Не смотря на то, что после проведенной виротерапии наблюдается только замедление роста ксенографтов у мышей, полученные данные позволяют считать глиому C6-PVR-BFP чувствительной к противоопухолевому действию вакцинного штамма PV3, что делает ее пригодной в качестве экспериментальной модели для изучения механизмов энтеровирусного онколиза в доклинических испытаниях на животных моделях. А для достижения более выраженного онколитического эффекта PV3, вероятно, необходимо многократное введение вируса для поддержания эффективного распространения инфекции и полного уничтожения опухолевых клеток.
Помимо этого, было изучено влияние нокаута гена Ifnar1 в клетках глиомы С6 на противоопухолевую активность вакцинного PV3 на модели подкожных ксенографтов. Терапию PV3 животных с ксенографтами из клеток C6-PVR-BFP-IFNAR1 проводили по схеме, описанной выше. Результаты представлены на рисунке 35.

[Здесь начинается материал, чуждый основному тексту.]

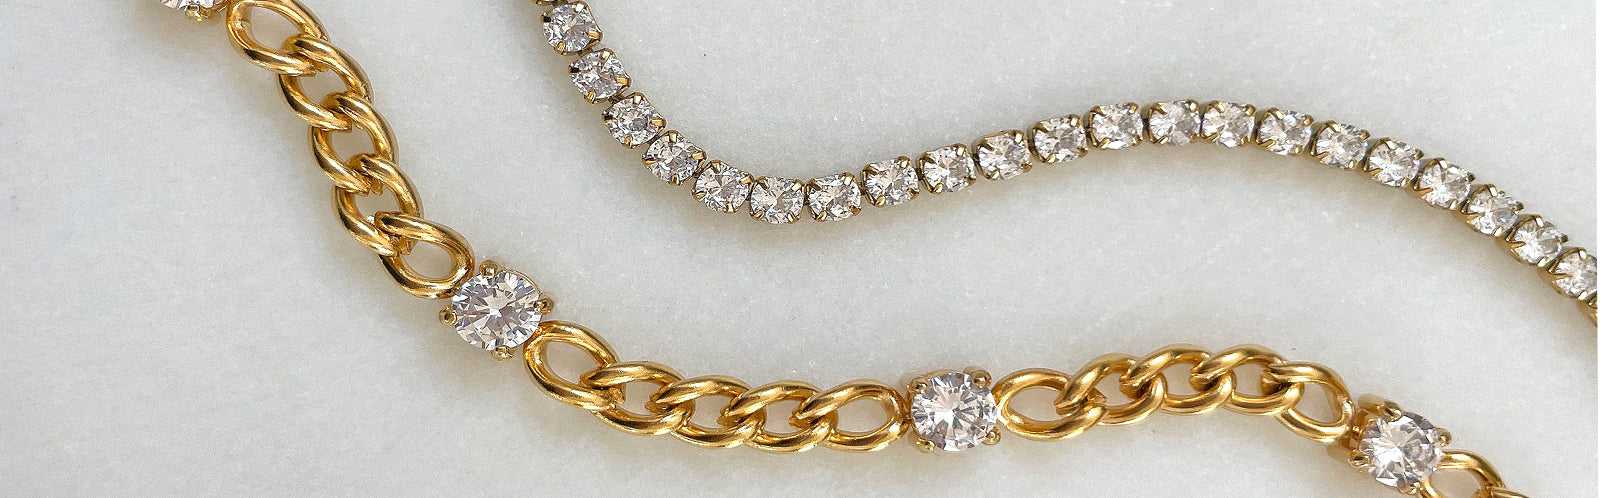 gold bracelets waterproof jewelry tarnish free

Как видно на рисунке 35, динамика роста ксенографтов из клеток C6-PVR-BFP-IFNAR1 отличается от таковой для клеток C6-PVR-BFP (рисунок 34). Ксенографты из клеток C6-PVR-BFP-IFNAR1 растут гораздо медленнее, чем из клеток C6-PVR-BFP. Что касается эффекта от терапии PV3 на модели ксенографтов из клеток C6-PVR-BFP-IFNAR1 с нокаутом гена Ifnar1, мы наблюдаем схожую картину с лечением ксенографтов из имплантированных клеток без нокаута гена Ifnar1. Таким образом, нокаут гена интерферонового рецептора первого типа в клетках C6-PVR-BFP-IFNAR1 не влияет кардинально на цитолитическую активность вакцинного PV3 в экспериментах in vivo, в отличие от экспериментов in vitro (Раздел 3.4). Отсутствие различий противоопухолевого эффекта между изученными моделями скорее всего связанно с тем, что однократное введение вируса не позволяет увидеть статистически значимых различий в связи с несколькими обстоятельствами. Во-первых, введение вируса проводилось при довольно больших объемах ксенографтов. Во-вторых, вероятно, необходимо использовать более совершенные способы доставки (введение вируса на клетках-носителях или прямое введение вируса в опухоль).